KURTULUŞ İÇİN, AK PARTİ’NİN FORMÜLÜ NE OLMALI
Bu sorunun yanıtı 2002 ruhunda gizli. Halka dayanmak ve halkın teveccühüne mazhar olan isimlerle yola devam etmek hayati derecede önemli. Halkın arzu ettiği yönetici profiline uygun atamalar yapılmasıyla işe başlanabilir. İl ve ilçe teşkilatları bu minvalde reforma tabi tutulabilir. Kapısına gelen vatandaşa tepeden bakan ve ‘’bugün git yarın gel’’ cümlesi ağzından düşmeyen bir avuç elitin partiden uzaklaştırılması olmazsa olmaz. Merkez teşkilatı baştan sona değişmeli; çünkü taşra teşkilatının başarısızlığından merkez teşkilatı sorumlu. Hemen hepsi kapı dışarı edilmeli. Toplumsal beklentilerin karşılanması için ciddi reformlar ve çalışmalar başlatılmalı. Ekonomideki tedbirler ve kemer sıkma politikalarından halk muaf tutulmalı. AK Parti’nin 2002 yılı öncesindeki hükümetlerin düştüğü hataya düşmüş olması, ‘’kaderin cilvesi’’ değil mi? Kınadıkları, başlarına geldi. Sayın Mehmet Şimşek’in bir dönem Amerika’dan getirilen Kemal Derviş’ten bir farkı olmalı. Ekonomideki hataların faturası halka kesilmemeli. Zamlar, yeni vergiler ve mevcut vergilerdeki artışlar… Ekonomiyi yönetenler, faturanın bedelini ödemeli. Halk değil!

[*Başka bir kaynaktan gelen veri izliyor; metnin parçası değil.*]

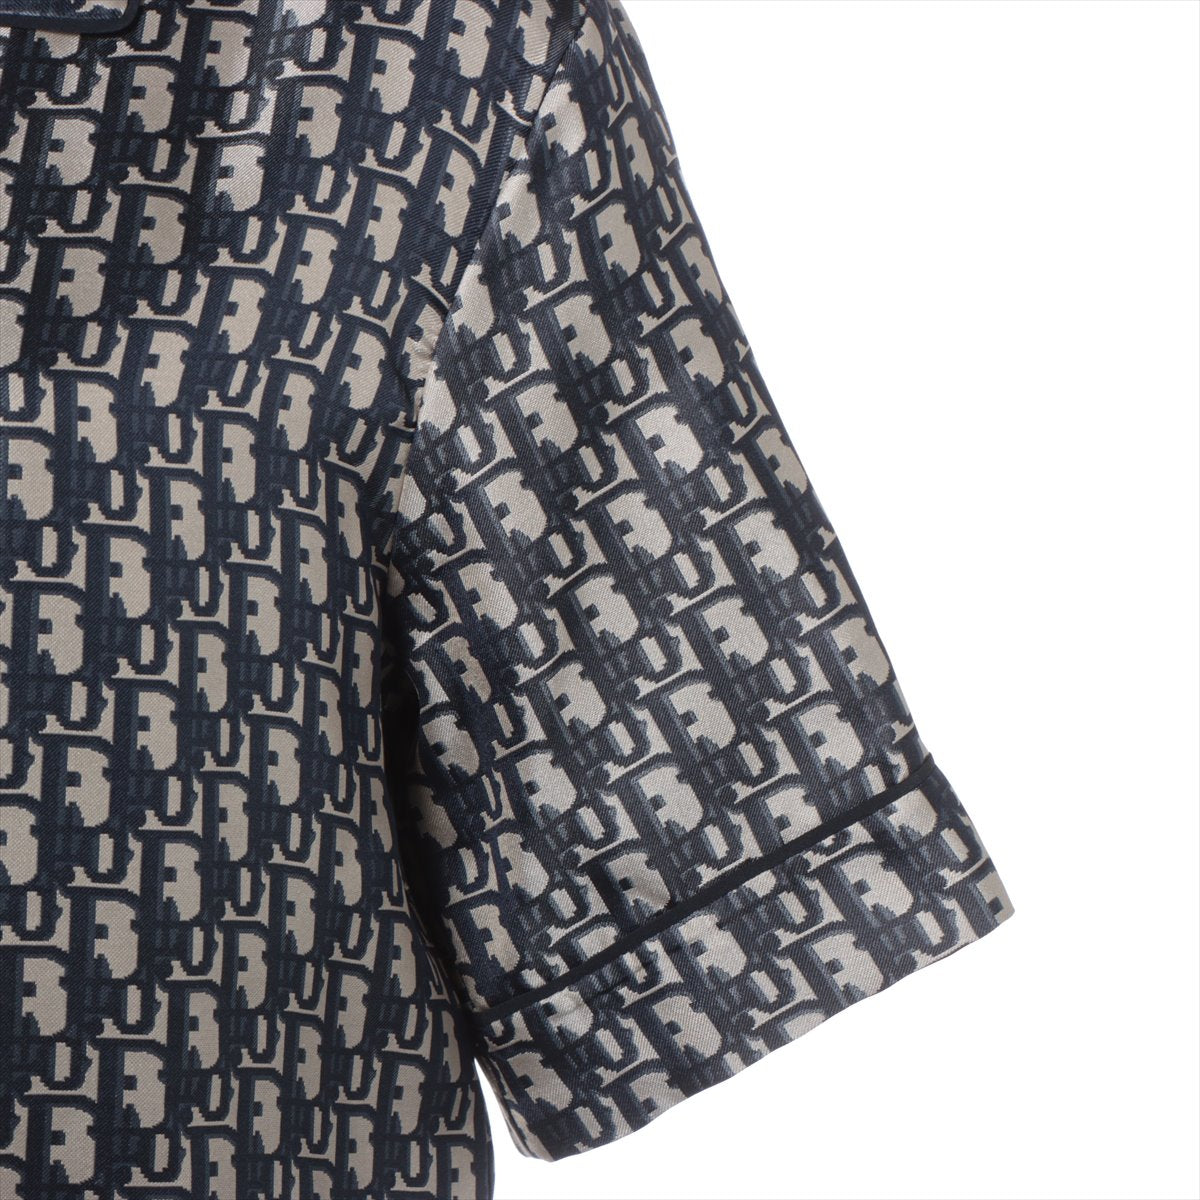 Christian Dior Oblique Silk Shirt I40 Ladies' Navy Blue  Dior Chez Moi short sleeve Shirt 121V46A6608

KAMU KURUMLARI, AKRABALARA PEŞKEŞ ÇEKİLMEMELİ
Toplumda karşılığı bulunmayan bir avuç elitin, il teşkilatlarında görevlendirilmeleri ne mi doğuruyor? Çoğu zaman resmi müesseselerde ve dairelerde iş-ihale takibinde bulunuyorlar. O yetmezmiş gibi akrabalarını çeşitli kurumlara yönetici-yardımcı olarak atıyorlar. Başkanın etrafında kümelenen bazı kişilerin hayatlarındaki değişim, şok edici. Bir dönem hamallık yapan ve motosikletle işe gidenler, Mersin’de ultra zenginler grubuna katılıp işadamı etiketi alabiliyorlar. İdarecilerin bir kısmı ya bir grubun ya da bir cemaatin adamı… Liyakat-ehliyet adına bir şey yok… Kamu kurumlarına atanan bazı kişilerin ‘’X’’ cemaat referanslı olmaları dikkatlerden kaçmıyor. Büyük bir saltanat düzeni kuruyorlar. Parti yöneticileri yahut onlara yakın isimler herhangi bir donanıma sahip olmadan müdürlük makamına layık görülebiliyorlar. Yandaşlık, tarafgirlik saikiyle yer bulanlar da mevcut… Vatandaşların ekonomik anlamda gelişebilmesi için herhangi bir il başkanının yahut parti teşkilatının savunucusu olmaları mı gerekiyor? Bu kokuşmuşlukla daha nereye kadar devam edilecek! Onun için hemen bugün, zihni bir değişim şart. AK Parti değişmezse, iktidardan olur.